我正在使用 scrapy 来提取部分地址,我需要有关 . 这是代码(抱歉,如果这是无效代码,不确定如何正确粘贴到问题中)。

<div class="result">
<h3>
<a href="/provider/service/xxxxx/">service name</a>
</h3>
<p>
"blah blah"
</p>
<strong>Physical Address</strong>
    "123 address street, someplace,  somewhere"
<br/>
<strong>Postcode</strong>
    "xxx"
<br/>
<strong>District/town</strong>
    "someplace"
<br/>
<strong>Region</strong>
    "someplace bigger"
<br/>
<strong>Phone</strong>
    "xx xxx xxxx"
<br/><strong>Fax Number</strong>
    "xx xxx xxxx"
<br/>
<!--strong>Email</strong-->
    <a href="#" onclick="window.location=('mail'+'to:'+'xxxxx'+''+'@'+'xxxx.xx.xx'+''); return false;">
"xxxxx"
<strong></strong>
"xxxxx.xx.xx"
</a>
<a rel="nofollow" class="printlist-add" href="/provider/print-list/add/xxxx/">Add to print list</a>        
</div>
<hr/>

这是我的蜘蛛

from scrapy.spider import BaseSpider
from scrapy.selector import HtmlXPathSelector
from test.items import TestItem

class NewSpider(BaseSpider):
name = "my_spider"

download_delay = 2

allowed_domains = ["website.com"]
start_urls = [
    "http://website.com/site1"
    ]

def parse(self, response):
    hxs = HtmlXPathSelector(response)
    sites = hxs.select('//*[@id="search-results"]/div')
    items = []
    for site in sites:
        item = WebhealthItem()
        item['practice'] = site.select('h3/a/text()').extract()
        item['url'] = site.select('h3/a/@href').extract()
        item['address1'] = site.select('strong[text() = "Physical Address"]/following-sibling::text()[1]')
        items.append(item)
    return items

该行item['address1'] = site.select('strong[text()="Physical Address"]/following-sibling::text()[1]')返回一个字符串值[<HtmlXPathSelector xpath='strong[text()="Physical Address"]/following-sibling::text()[1]' data=u'\n\t\t\t 123 address street, someplace, some'>]。最后几个字符被剪掉。

当我添加.extract()这些值时,它们会显示在 cmd 中,[u'\n\t\t\t 123 address street, someplace, somewhere']但它们不会出现在输出表中。

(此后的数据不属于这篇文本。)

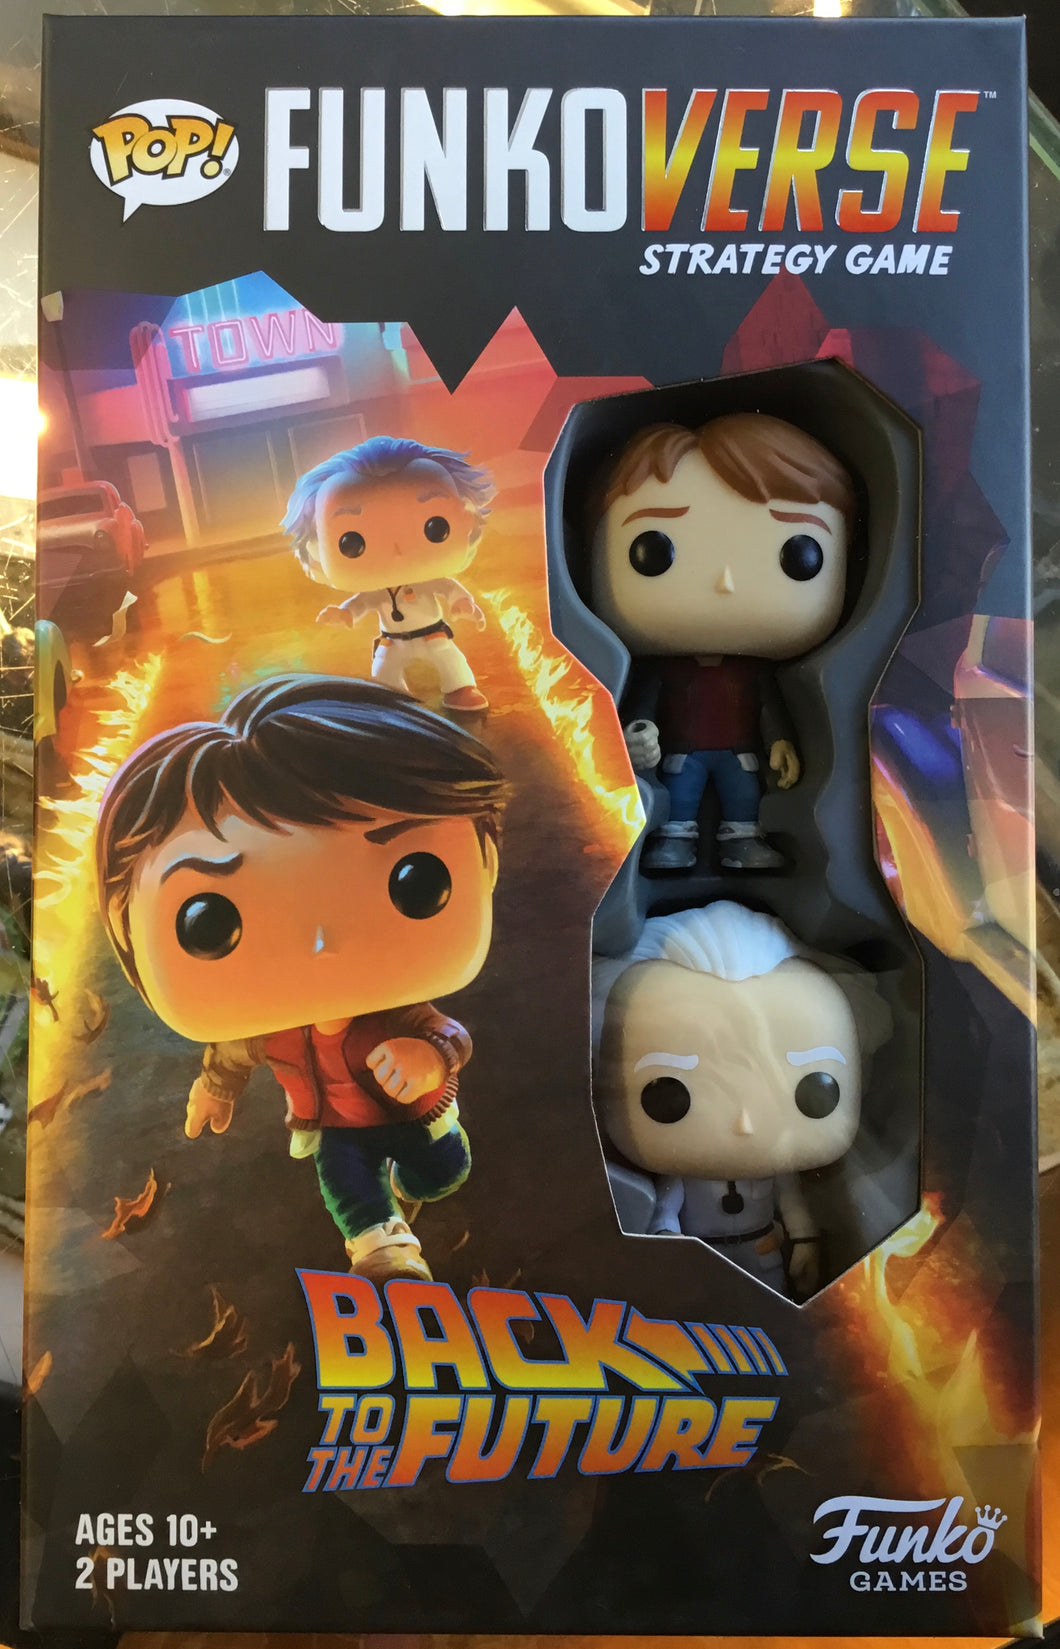 Back to the Future Pop Funko-verse Strategy Game

我一直在寻找解决方案,并且尝试过.select('text()').extract(),但这也不对。

一如既往地非常感谢任何帮助。

附言。关于如何将页面源代码放入此论坛的问题的建议也将不胜感激。谢谢

4

2 回答 2

1

使用您的示例 URL,我建议您使用类似的内容,选择div具有“结果”类的 s:

def parse(self, response):
    hxs = HtmlXPathSelector(response)
    results = hxs.select('id("search-results")/div[@class="result"]')
    items = []
    for result in results:
        item = WebhealthItem()
        item['practice'] = result.select('h3/a/text()').extract()[0]
        item['url'] = result.select('h3/a/@href').extract()[0]
        item['address1'] = map(
                unicode.strip,
                result.select('strong[text() = "Physical Address"]/following-sibling::text()[1]').extract()
            )[0]
        items.append(item)
    return items
于 2013-10-09T08:24:38.553 回答
1
def caiqinghua_array_string_strip(array_string):
if(array_string == []):
    return ''
else:
    #print 'item::: ', array_string[0].strip()
    string = array_string[0].replace('\\r\\n', '')
    return string.strip()

def parse(self, response):
    hxs = HtmlXPathSelector(response)
    sites = hxs.select('//*[@id="search-results"]/div')
    items = []
    for site in sites:
        item = WebhealthItem()
        item['practice'] = site.select('h3/a/text()').extract()
        item['url'] = site.select('h3/a/@href').extract()
        address = site.select('strong[text() = "Physical Address"]/following-sibling::text()[1]')
        item['address1'] = caiqinghua_array_string_strip(address)
        items.append(item)
    return items

希望它可以帮助你。对了,建议你把items=[]改成items_list=[]或者其他,因为items是scrapy的关键词,以后可能会发生冲突。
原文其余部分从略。